“Giving is a good business strategy. And there’s nothing wrong with that,” said Blake Mycoskie at last week’s South by Southwest (SXSW) Interactive Conference in Austin, TX.
As one of the keynote speakers at the conference—which drew thousands of influential, tech-savvy types from all over the world—Mycoskie knew what he was talking about. The founder of Toms Shoes, he used word of mouth, not advertising, to turn a tiny company based out of his California apartment into a multi-million-dollar business. And he did it using the simple model of “one for one”: For each pair of shoes sold, the company donates a pair to a child in need.
Listening from the back row of a cavernous auditorium in the Austin Convention Center, I couldn’t help but feel moved when Mycoskie talked about his visits to poor communities in South America, which inspired him to do something to help.
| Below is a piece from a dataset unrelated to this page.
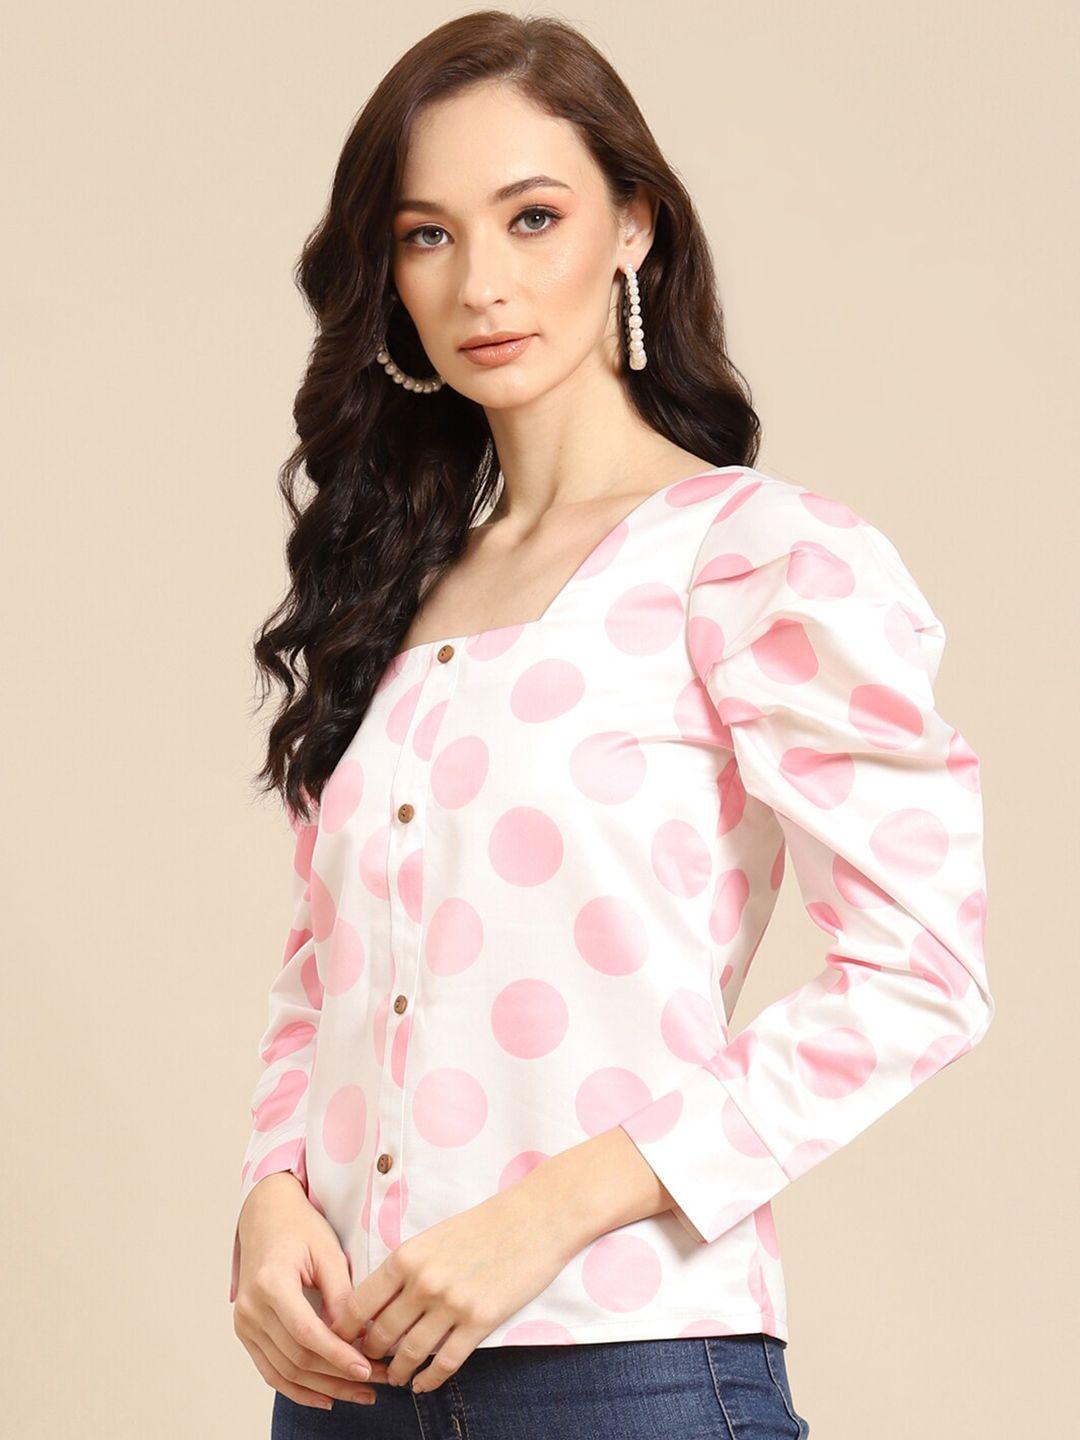 dodo & moa pink print georgette top

I, too, have found my life transformed by traveling to places far outside my comfort zone. Most of all, I liked how he had found a way to make addressing poverty into something stylish, catchy, and easy to understand.
Still, I couldn’t figure out what Mycoskie meant when he called giving a “good business strategy.” Was he speaking as an idealist or a pragmatic entrepreneur? Did he really believe that a for-profit company could make as much difference as a charity? Or was he just stating a blunt truth: namely, people like to buy things that make them feel good about themselves?